Trenčín Castle said that in the summer it would display the golden replica, placing it next to a 17th-century painting depicting the crown.

St. Stephen’s Crown, which is part of today’s coat of arms of Hungary, has been stolen, hidden and lost many times throughout history. In 1978, the United States returned the crown to the people of Hungary after almost four decades.

At present, it is in the building of the Hungarian parliament in Budapest.


Jazz and wine

It was two years ago when “Vinspacirka”, a popular wine festival, was held in Banská Bystrica for the last time. The event will return to the city’s SNP plaza on Saturday, April 30, but organizers said they have changed it slightly.

Winegrowers from all over Slovakia will come to Banská Bystrica with new and proven varieties from their vineyards. “The change, which only applies to this year, is that visitors will not have to buy tickets in advance,” said Andrej Patráš from the Cech Hostinských guild. Visitors will pick up a wine tasting cup for a €3 deposit at designated locations. They will then buy wine samples from the winemakers.

The day-long festival will begin at 2:30 p.m. when the mayor of Banská Bystrica will launch a fountain in the square to kick off the summer season in the city.
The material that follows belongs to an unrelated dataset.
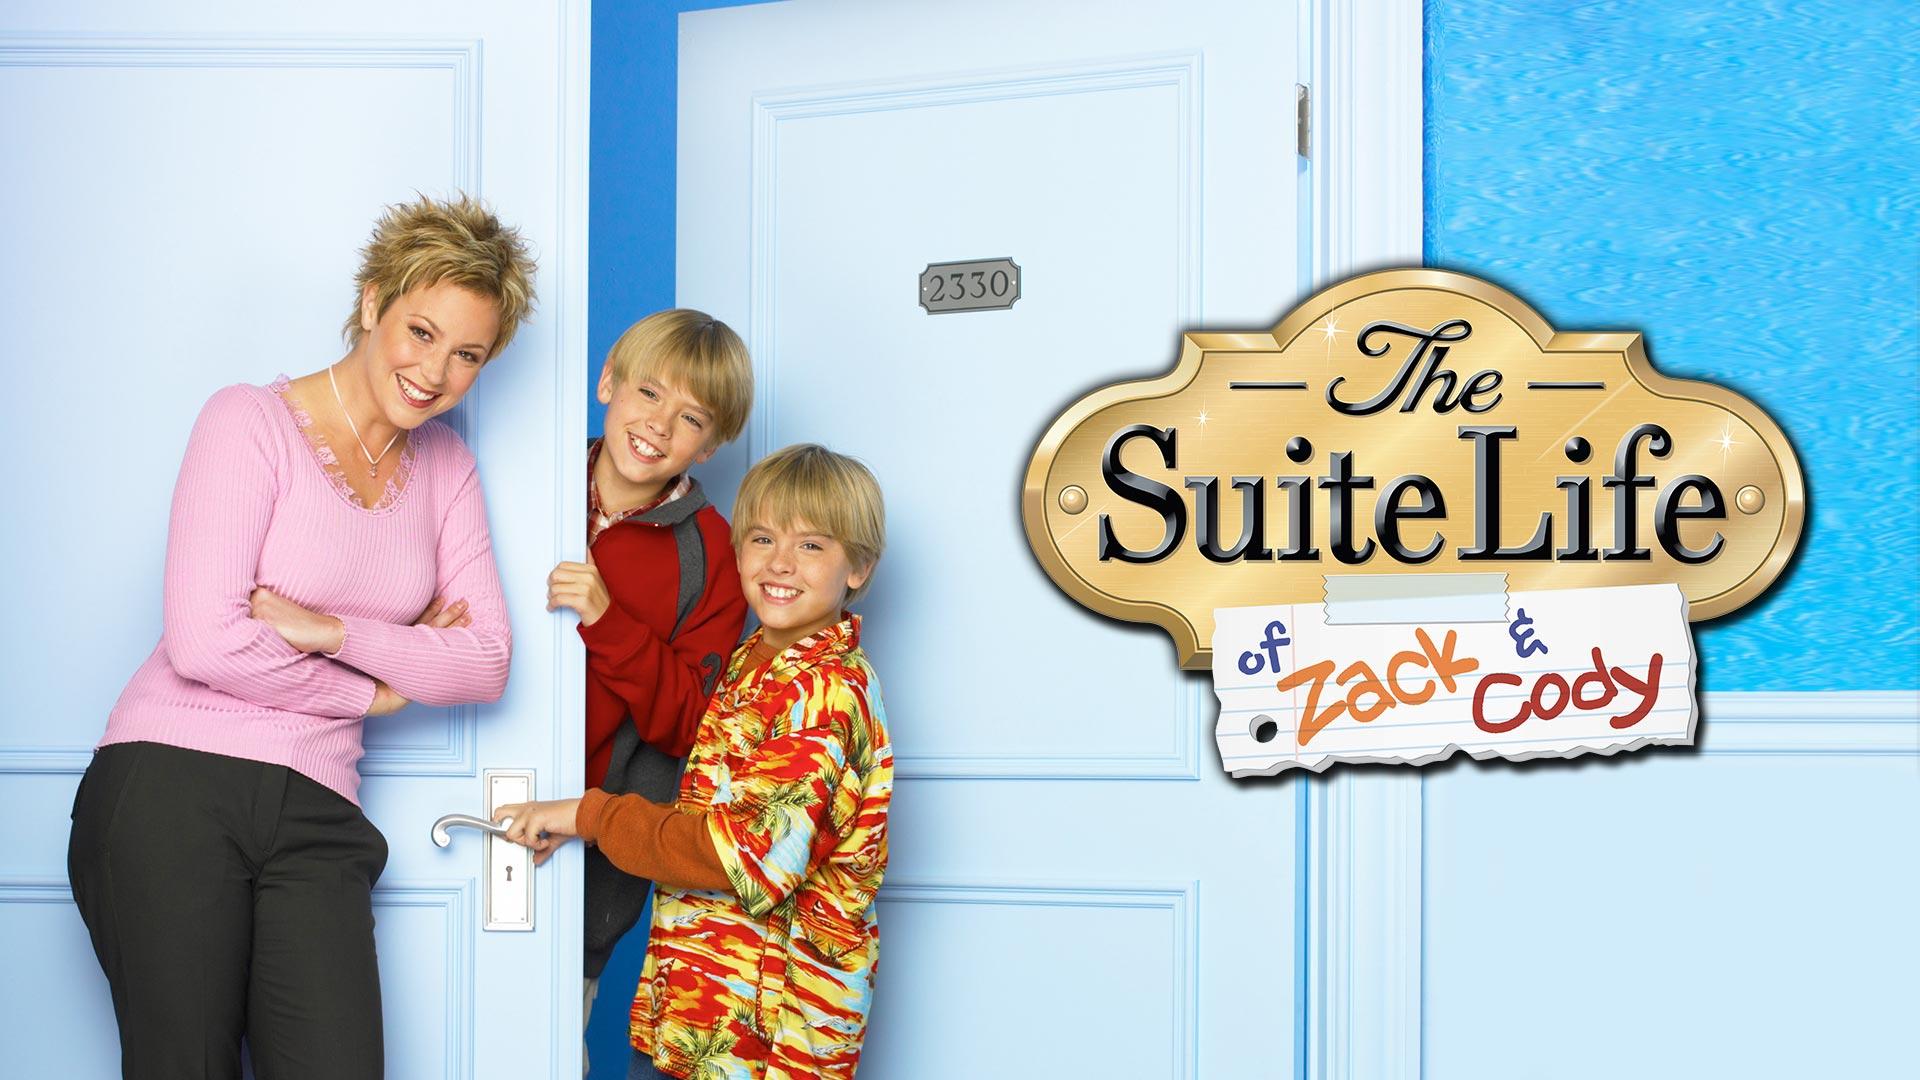 The Suite Life Of Zack & Cody Comedy Series, now streaming on Disney+ Hotstar
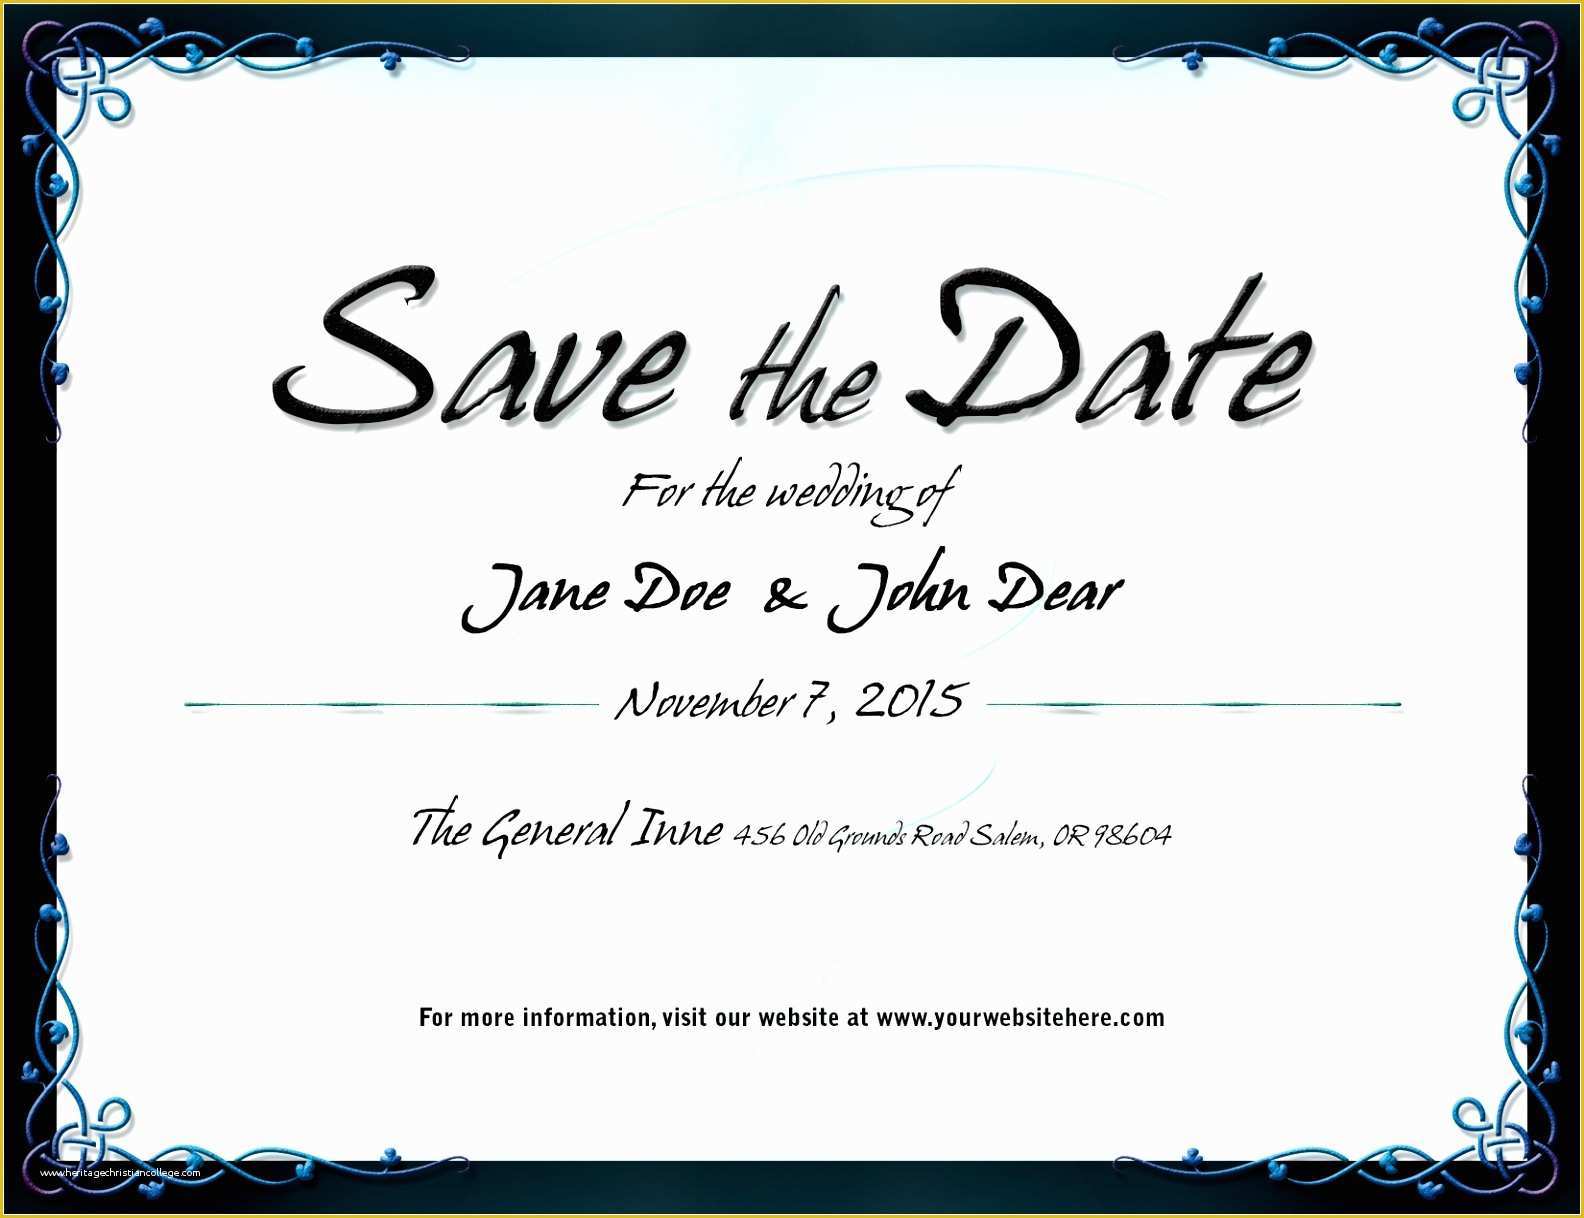 Save the Date Email Template Free Of 9 Business Save the Date Email Template Oaeup

In addition to wine tasting, a jazz festival will be held in the square at the same time.

Events in Bratislava

Food: The district of Rača organizes the traditional “hody”a festival of local food, wine and folk music, April 30 and May 1. The main events take place on Alstrova Street and in the Knižkova Valley, where there is an amphitheater.

Community: The Bon Marché, a community festival, returns to Panenská Street on April 30.

Festival: “Majales”, a street food and craft beer festivaltakes place on Uzbecká Street in the Podunajské Biskupice district until May 1.

Open doors: Nová Cvernovka, a cultural center housed in former school buildings, will open its doors to visitors on May 1, from 10:00 a.m. to 10:00 p.m.  Admission: €5.

Open doors: Nová Cvernovka, a cultural center housed in former school buildings, will open its doors to visitors on May 1, from 10:00 a.m. to 10:00 p.m. Admission: €5. (Source: TASR)

Concert: Malta Philharmonic Orchestra will perform at the Reduta building on May 4.


Falconry saved the school

Falconry in Štiavnické Bane, near the picturesque popular tourist destination of Banská Štiavnica, lives on thanks to director Pavol Michal. A new chapter in the school’s history opens with his arrival.

“The school was about to close. Every year there were fewer and fewer students. They attended a school in the nearby town of Banská Štiavnica,” says Michal, who is himself a lifelong avid falconer.

“Falconry is my way of life. We started teaching it with my arrival. The first year it was just a club, a year later it became an optional subject, and since 2010 it has been a compulsory subject.